Two people draw guns in each other’s faces point blank but nobody fires. Instead they have a tense conversation.
Talkin’ to you, Malcolm Reynolds and Saffron (or Yolanda or Bridget or whatever).
The horror movie character who searches a scary room by walking in and immediately looking intently up at the ceiling, while slowly turning around until he ends up backing into the dangerous thing he somehow didn’t notice.
There’s this scene at the start of War of the Worlds where the hero races his classic muscle car up this tiny neighborhood street at full tilt, exhaust notes at full blast, and I think he even screeches the tires by slamming the brakes pulling into the driveway. Then he walks up to his neighbor and they’re all chill with him. In any other world, the neighbors would have him in handcuffs.
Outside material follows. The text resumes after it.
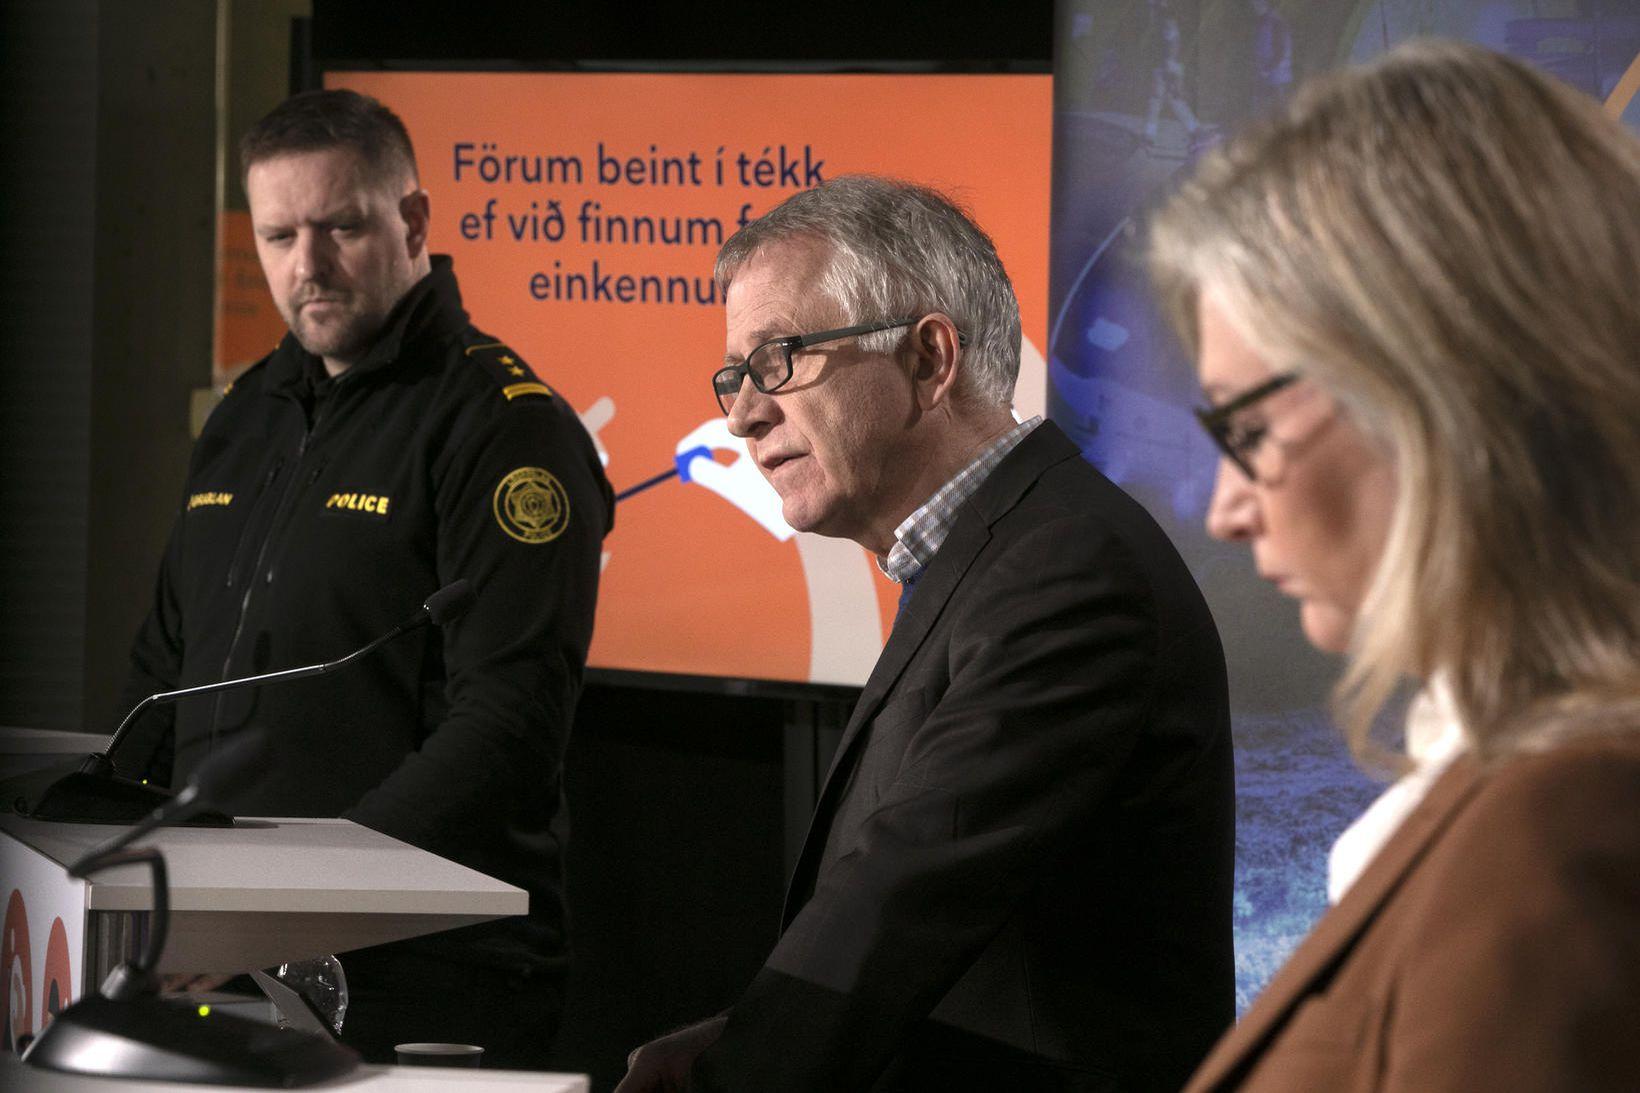 Rögnvaldur Ólafsson, Þórólfur Guðnason og Alma Möller.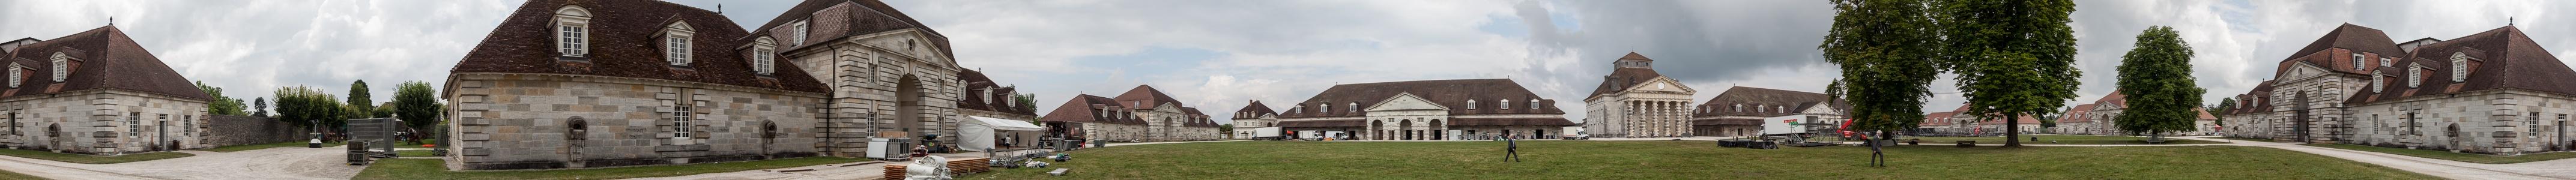 Saline Royale d'Arc-et-Senans (Königliche Saline): David Gilmour Arc-et-Senans Saline Royale d'Arc-et-Senans

This would be pretty acceptable around where I live. Not in my neighborhood but around here.
You have a really optimistic view of how the police would respond there. I’d wager that they would be more likely to be mad at you for bothering them with that complaint than actually do anything about it. In my experience, helpful cops are rare.
They said the neighbors, not the police. I figure it means that consensual bondage time was interrupted, so they took matters into their own hands.